Graham Arnold relishing success of Socceroos ‘platinum generation’

Socceroos manager reflects on the sacrifices and tough times during Covid that put the team on an unlikely path to World Cup last-16 meeting with Argentina

Graham Arnold lived out of a suitcase for seven months during 2021. World Cup qualifiers had resumed after a lengthy Covid-enforced hiatus, but Australia’s strict border restrictions made it next to impossible to host home games. Opponents were not willing to complete the 14 days of hotel quarantine. Neither were some of his own overseas-based players, and even those who were faced resistance from their clubs.

So Arnold left home bound for various parts of Asia, navigating a labyrinth of fixtures across the world’s largest continent when few international flights were running and border restrictions varied. The 59-year-old stayed in Dubai for some locked-down periods, and regularly oversaw matches on the back of only one full training session with a squad that was regularly changing.

All up, 45 players participated in the Socceroos’ qualifying campaign, a 20-match odyssey over 1,008 days featuring hundreds of thousands of kilometres in travel across 10 countries. Arnold, away from family and friends in Sydney, spent his days “sat there looking at the walls” and ruminating about results and players’ wellbeing.

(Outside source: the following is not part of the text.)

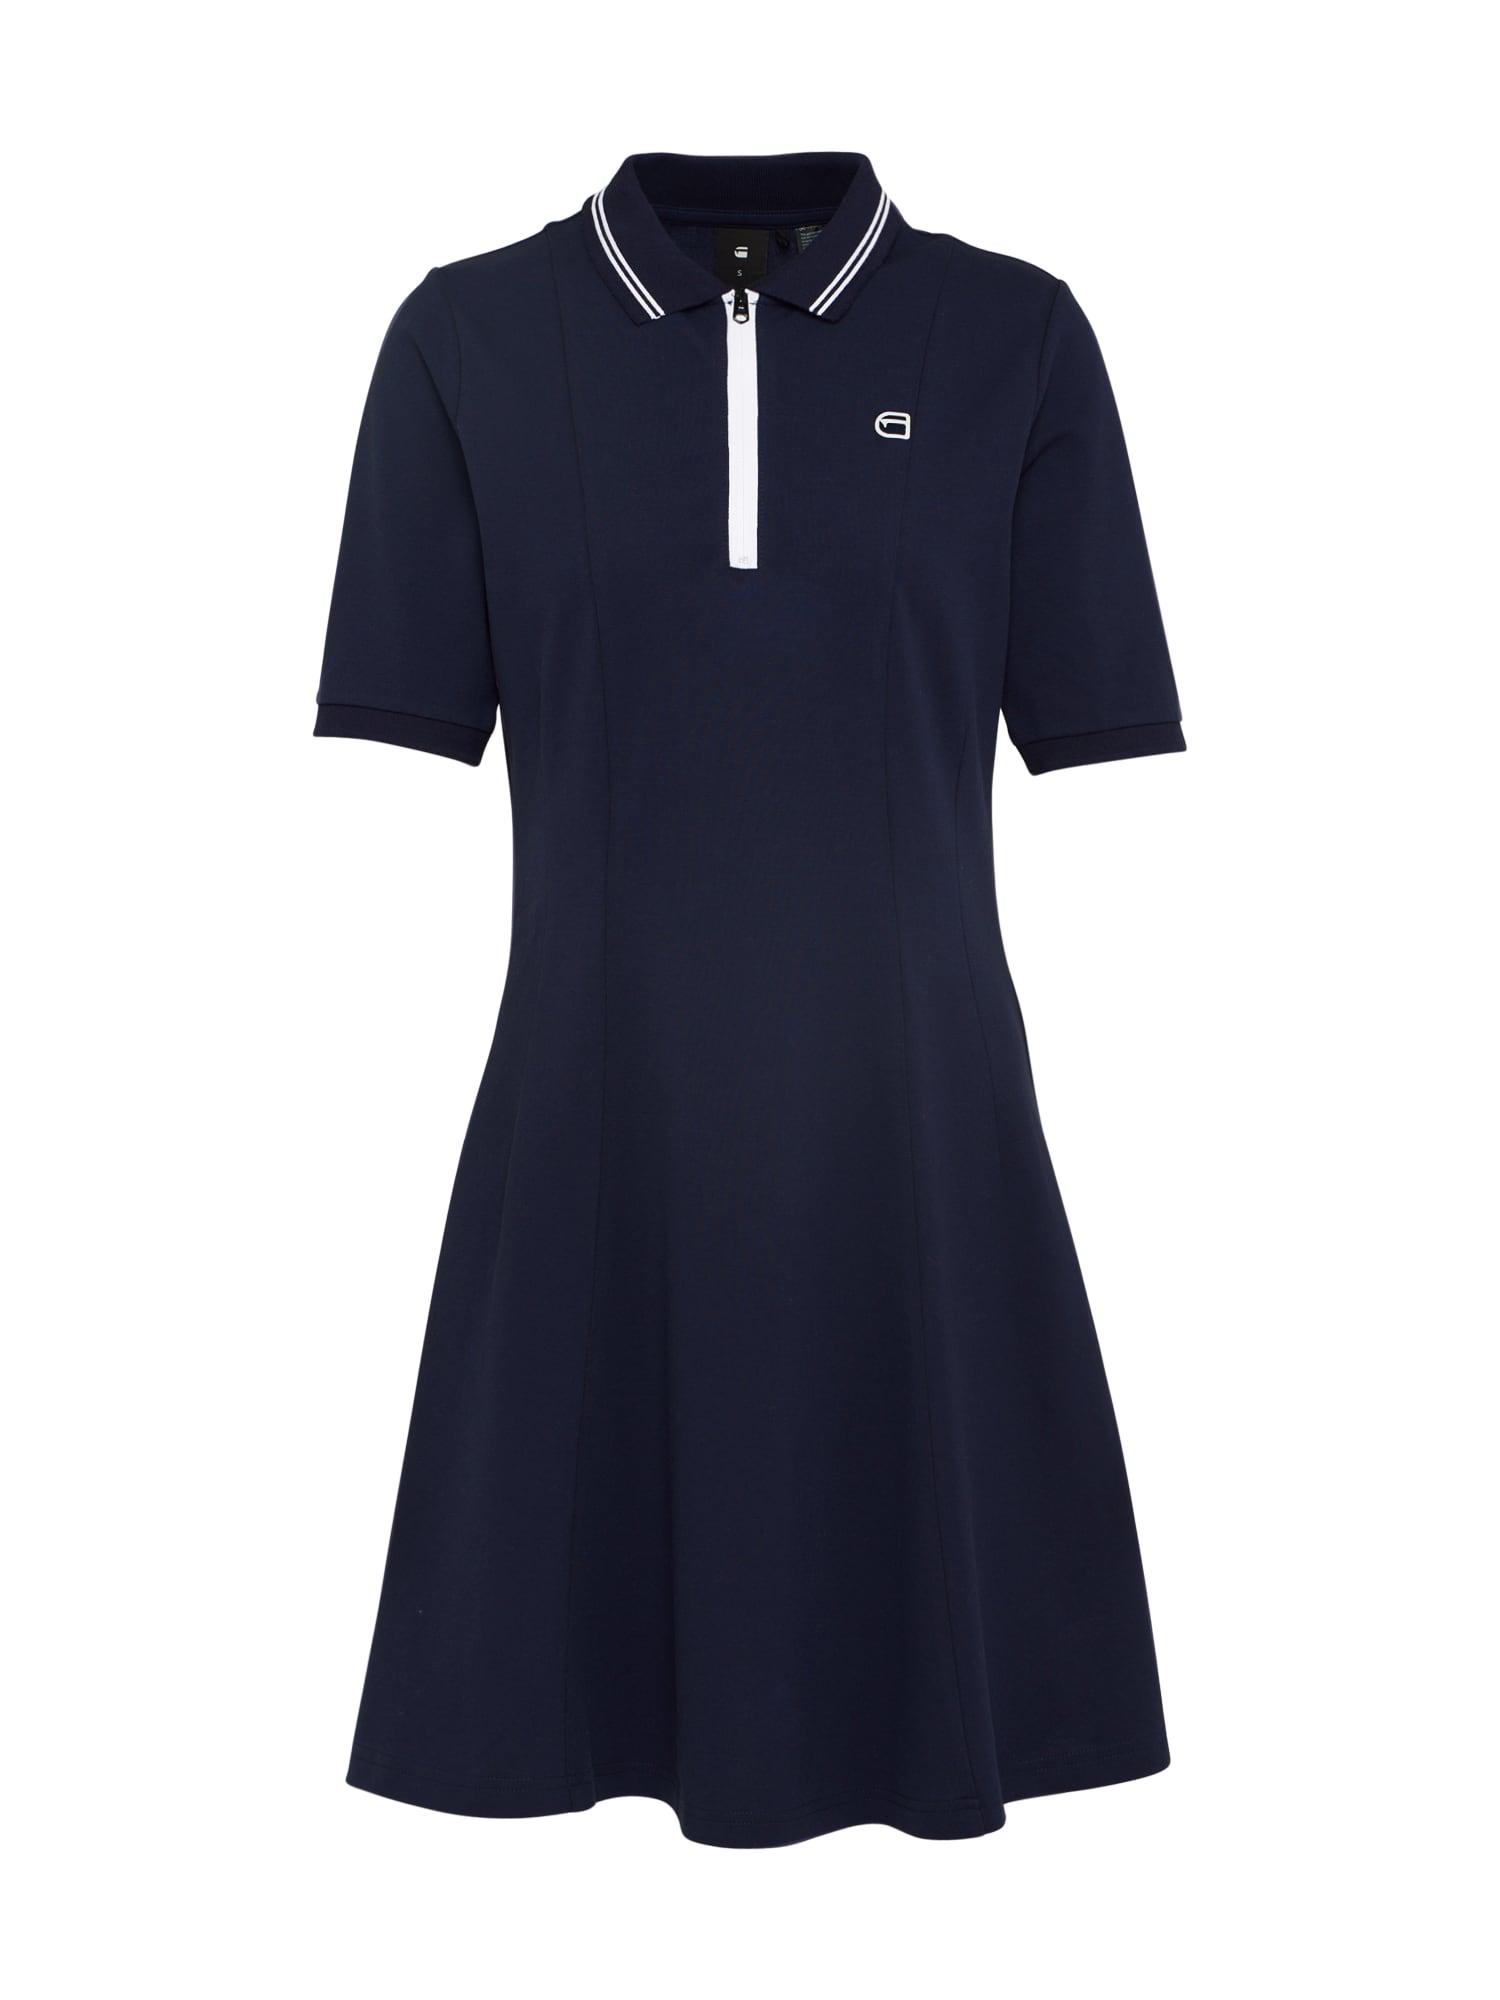 G-STAR RAW Dames Jurk Polo flare dress navy

Less than a year later, after March’s loss to Japan sent the besieged Socceroos to two qualifying playoffs, Arnold was almost sacked. He saved his skin three months after that by beating the United Arab Emirates and Peru – the latter on a penalty shootout in which the goalkeeper Andrew Redmayne made international headlines for his wiggling – to qualify.

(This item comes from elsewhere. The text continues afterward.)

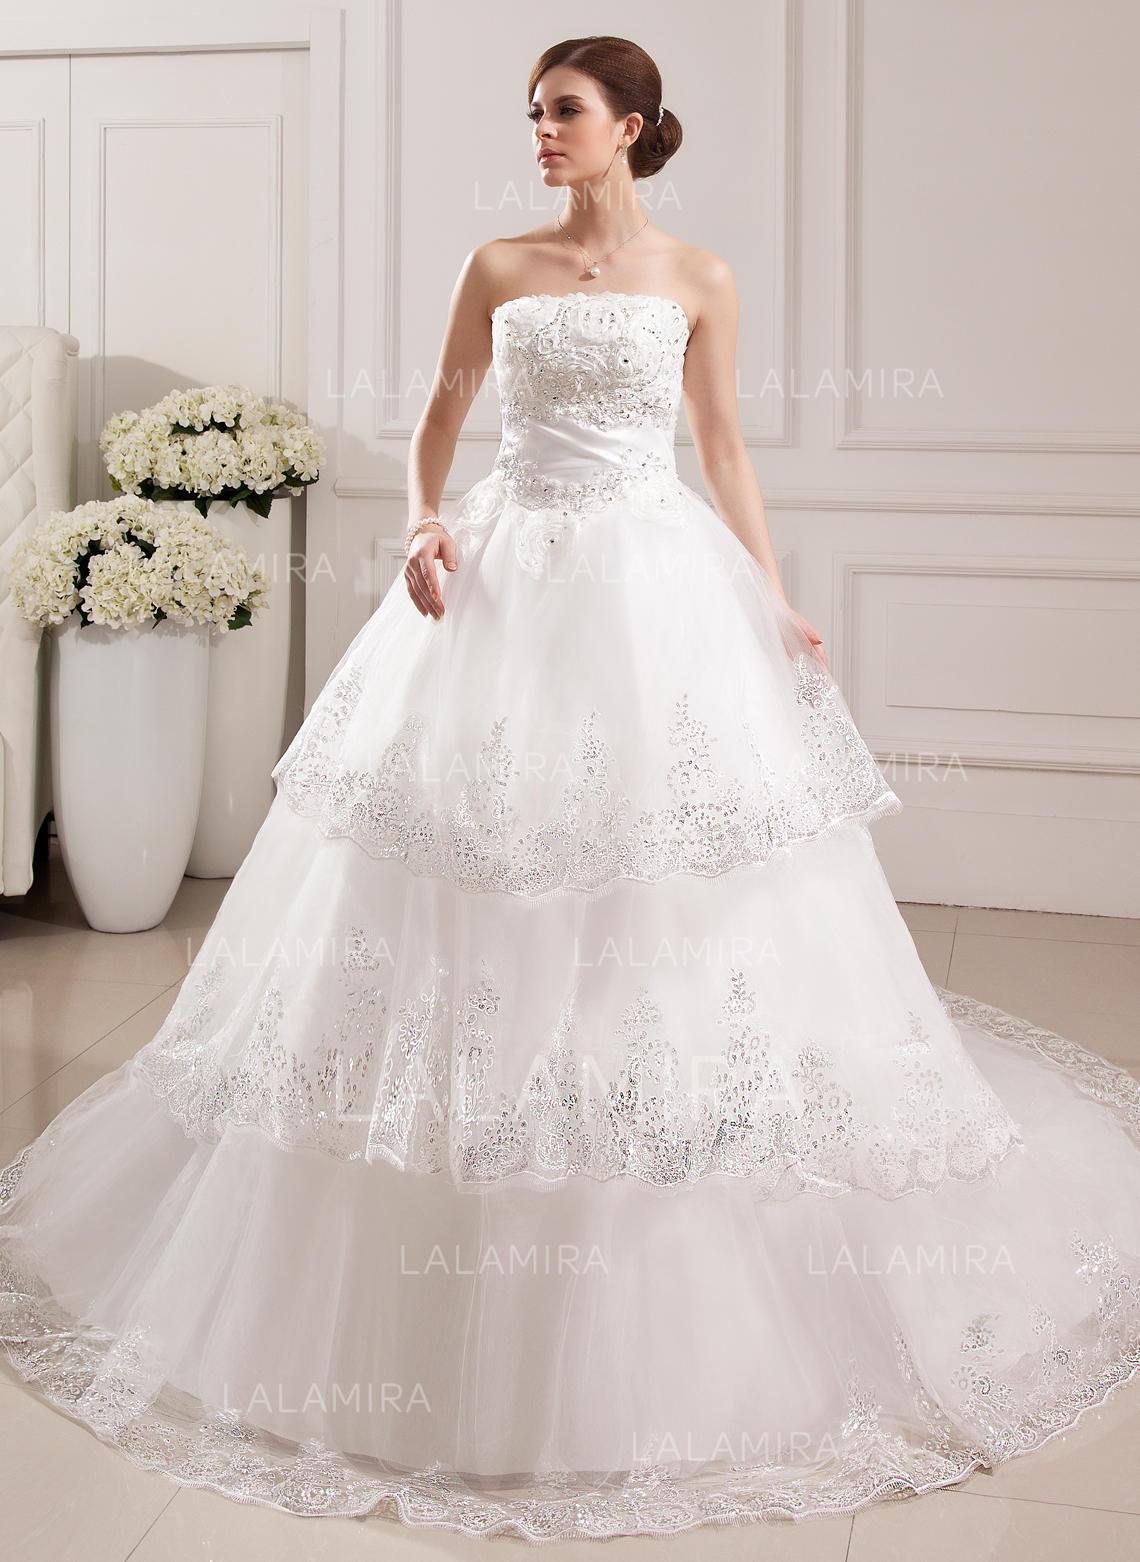 lace beading flower(s) sleeveless strapless tulle ball-gown wedding dresses
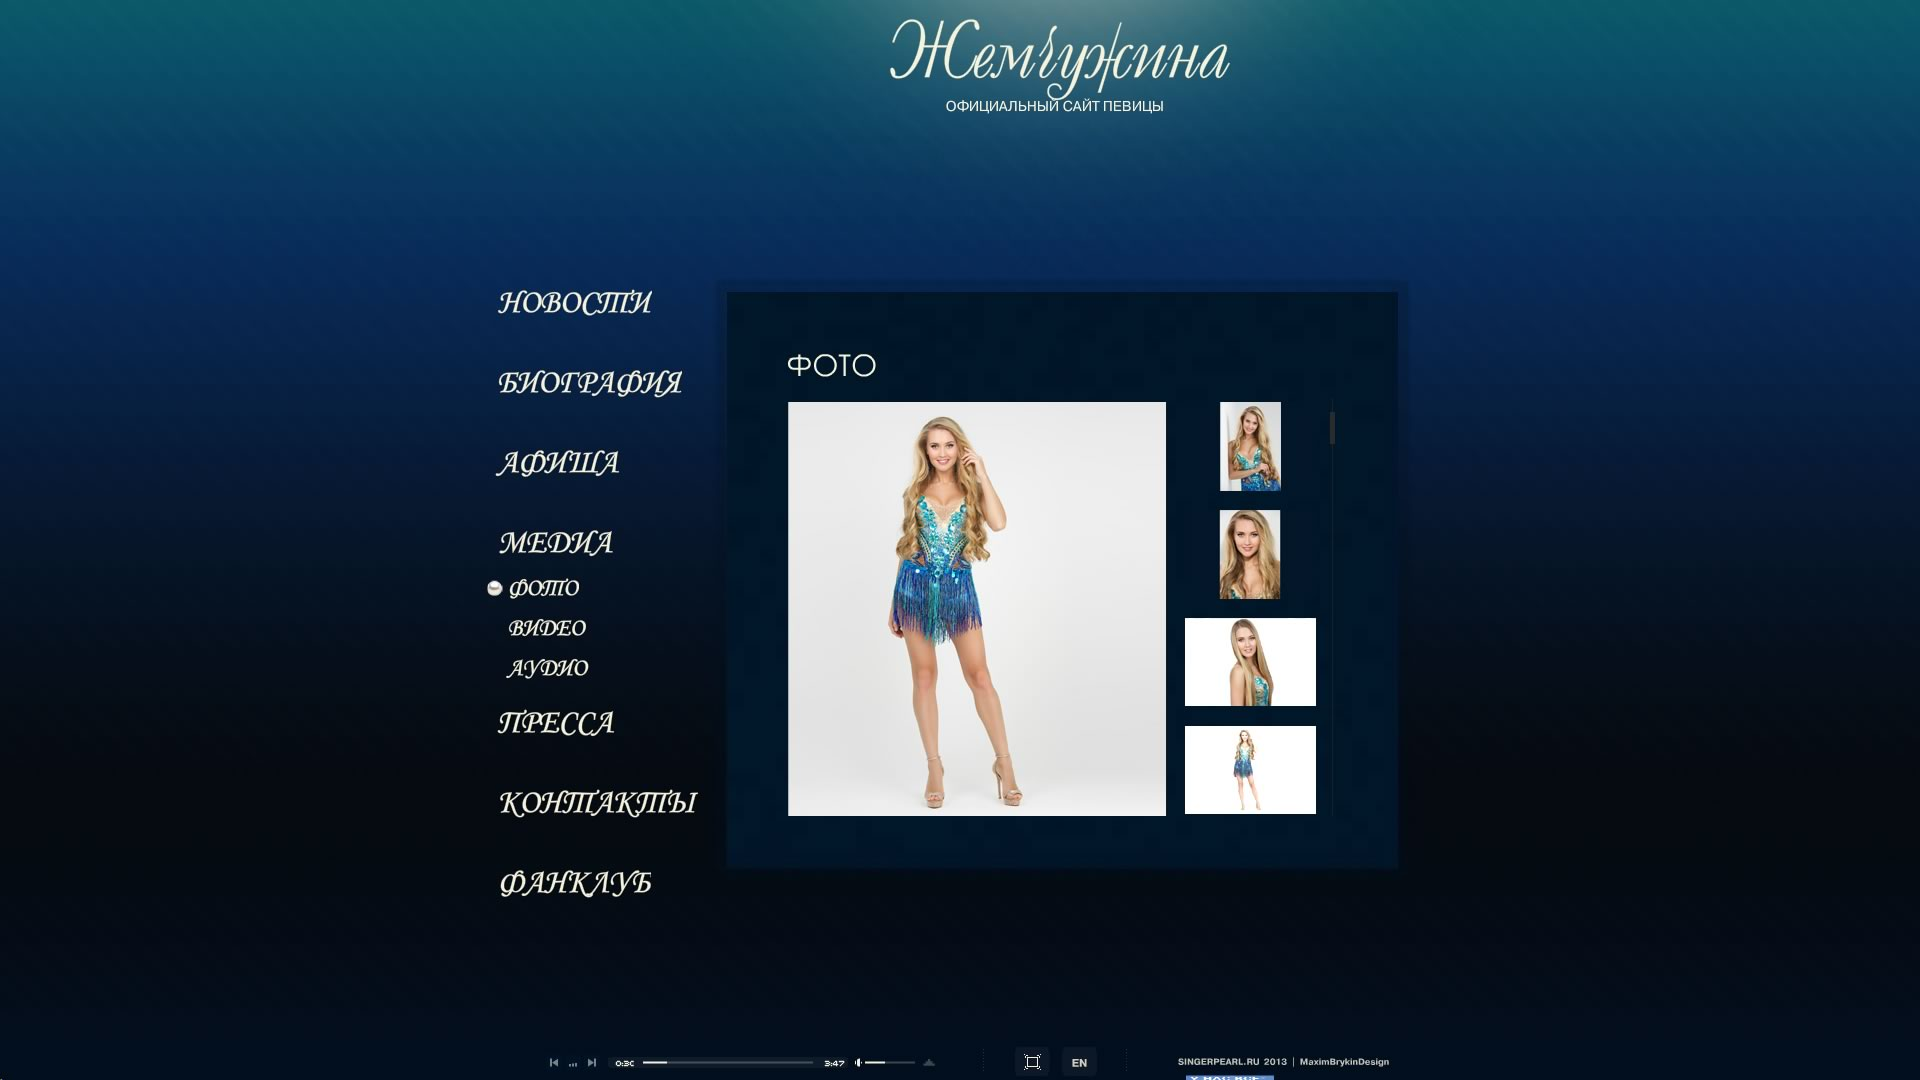 Создание сайта singerpearl.ru (flash) (6)

Five months on, he has taken Australia to a first win at a finals in 12 years, first back-to-back wins in history, and the knockout stages for the first time since 2006. On the eve of Australia’s last-16 meeting with Argentina at Doha’s Ahmad bin Ali Stadium, Arnold jokes he “was going to write a book on it all”.

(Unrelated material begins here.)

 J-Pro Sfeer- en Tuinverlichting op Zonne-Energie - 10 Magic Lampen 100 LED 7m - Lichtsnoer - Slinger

“I think the universe is paying us back for all the hard work we’ve done,” he said. “The universe is looking down on us and repaying the support and sacrifices that the players and staff made through all that.

“And I’m trying to look at the positives, but I do believe this has been crucial, that Covid helped unite this team together and create the family culture of mateship. Because these boys were in lockdown in hotels, they couldn’t go off the floor they were on and had to be with each other in the social room playing pool or table tennis. That really united the players as a family.”

There was another silver lining in the Socceroos’ nomadic existence: they played five World Cup qualifiers in Doha, which ensured they were well acclimatised to the environment and playing in the air-conditioned stadiums. “We’ve now won six out of seven games here in Qatar. It is, for us, a home away from home.”

Arnold took over the Socceroos after the 2018 World Cup and quickly learned why the job he held is perhaps Australian sport’s most underappreciated and unrewarding one. The fact he was replacing an interim coach in Bert van Marwijk – Ange Postecoglou had qualified his team for Russia and then quit in frustration months before the tournament – said it all.

Football in Australia is a minority sport battling for relevance and cash, and run by a network of competing agendas. Nonetheless, in a country known for its sporting achievement, expectations have remained high. Since November 2005, when John Aloisi’s famous playoff penalty against Uruguay broke a World Cup drought dating to 1974, qualification has been the minimum requirement.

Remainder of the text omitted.